I think the affect is actually doing a lot more work than that. 'Kids are smoking cigarettes because of peer pressure' is literal, but you wouldn't say 'education is indoctrination' unless you're being edgy, because the affect is also shorthand. In this case a shorthand for- 'we shouldn't let kids smoke cigarettes but they are, and its spreading.'
I think how we use affect in 2 dimensional ways really can be quite important, because its holding information. In order to figure out whether we should let kids smoke you have to think about a whole bunch of questions. "Is the person wise enough to discern the good from the bad? Are they being exploited? Will this actually help them? Is this actually necessary to society? Will they retroactively endorse it after they're done? Does the fact that they want to do it matter?"
But you don't need to do all that math every time smoking comes up, you can cache the optimal policy result dynamic programming style as a single affect bit. Letting kids smoke=bad.
And this saves a ton of processing power.
... I feel like I've dipped a toe into a whole other world of implications just now, where thinking through your beliefs can be a cost and asking you to examine your beliefs can be enemy action. It's a tangential insight that just occurred to me that I need to think about so I don't want to go off on it but... this model feels like it sticks to a lot of things that happen in human culture war.
So, I do have to appreciate it as an argumentative tactic. Take the example of a conversation between a conservative and a TRA I posted in another comment:
"You're teaching my kids things that affect how they behave and prepare them for a world where gay and trans and queer are things they can be!"
"chad-yes.jpg, gay and trans and queer are things they can be. Do you have a problem with that? Why?"
Now, the next comment by the conservative in a reasoned fair argument is to simply give their reasons why. but you'll note that the second comment is already getting close to calling the conservative a bigot.
So often, this is where it happens, the TRA short circuits the rational debate by calling the conservative a bigot. It switches things to a winning emotional battleground, and operates as a well poisoning attack for the conservatives motives.

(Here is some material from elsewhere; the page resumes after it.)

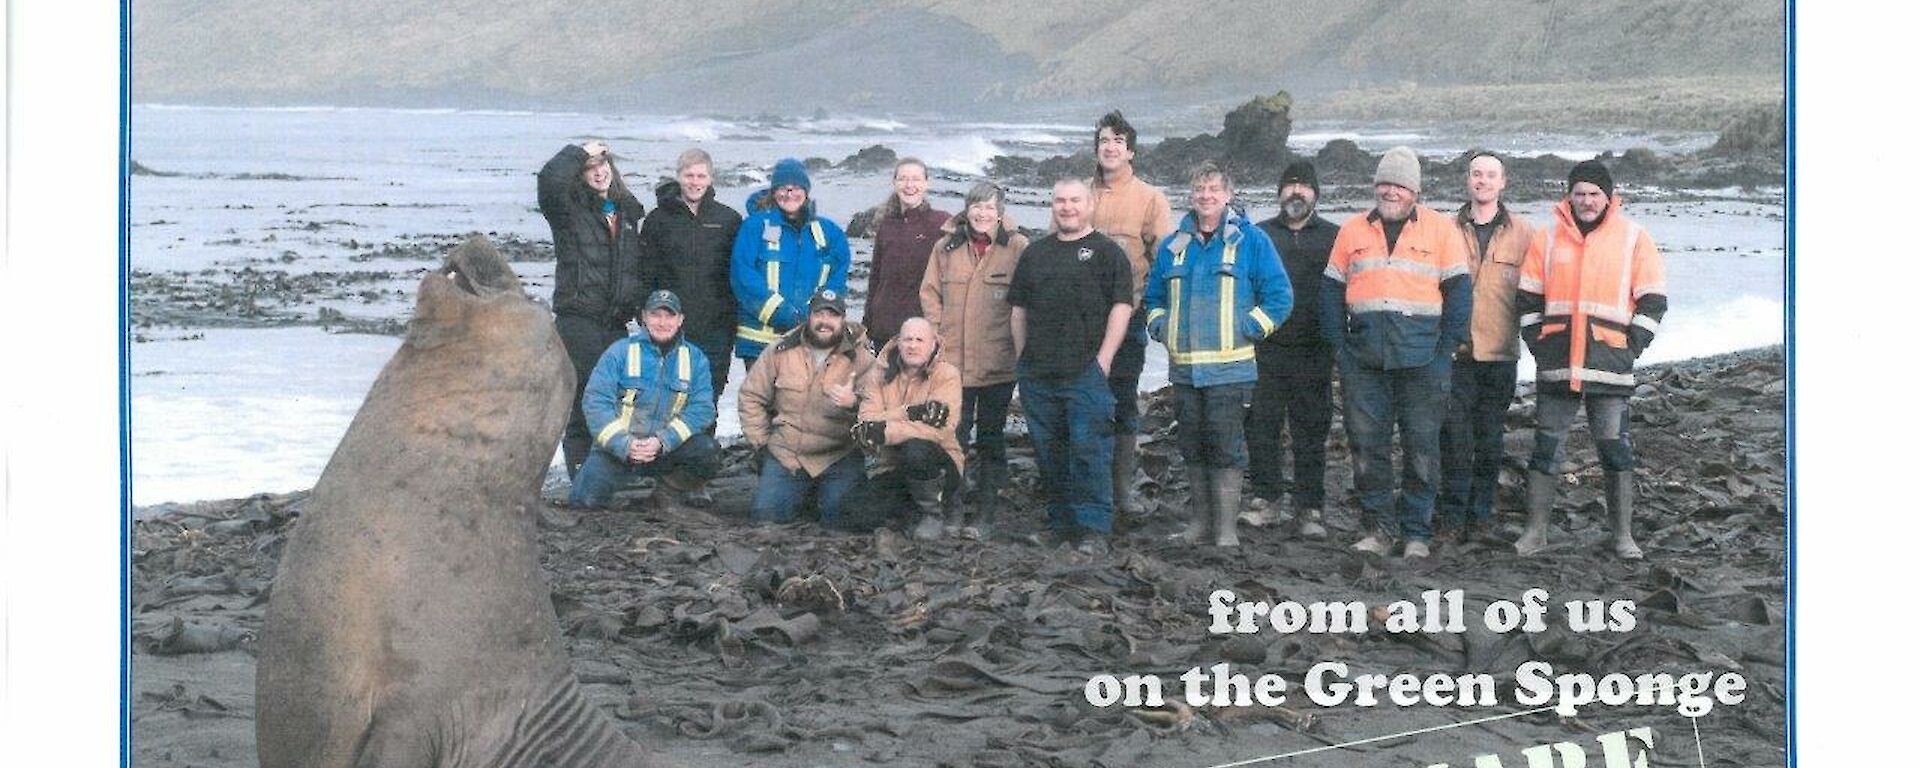 A group photo of the macquarie Island winterers with an elephant seal in foreground

So what does the "Groomer" argument do? It just does the same thing- but it does it first. By phrasing the first complaint as "You're grooming my children" you get to do the same well poisoning attack before the TRA has a good place to call you a bigot. You get the preemptive strike and first mover advantage, AND you can defend your claim with the motte and baily.
Well it's weird, its a word with a Rape affect but that is overloaded. "They groomed the prince to be king- those horrible, horrible groomers." Suddenly it seems silly to use as an insult
"You're teaching my kids things that affect how they behave and prepare them for a world where gay and trans and queer are things they can be!"
"chad-yes.jpg, gay and trans and queer are things they can be. Do you have a problem with that? Why?"
(I know why. We talk about it here all the time. But my point is to display how- without the affect it devolves back into the reasonable version of the debate that we tend to have here.)
But I won't argue that it hasn't been effective. Tools of war and all that.
I think a lot of the efficacy has come from the word being overloaded with rape affect though.
Some of them do have a positive affect. "Becoming Cultured" is an example. "Learning Manners" is an example. "Education" is an example.
Of course we have reasons why we think the things we're transmitting are good and not 'just' peer pressure, but so do the TRAs obviously.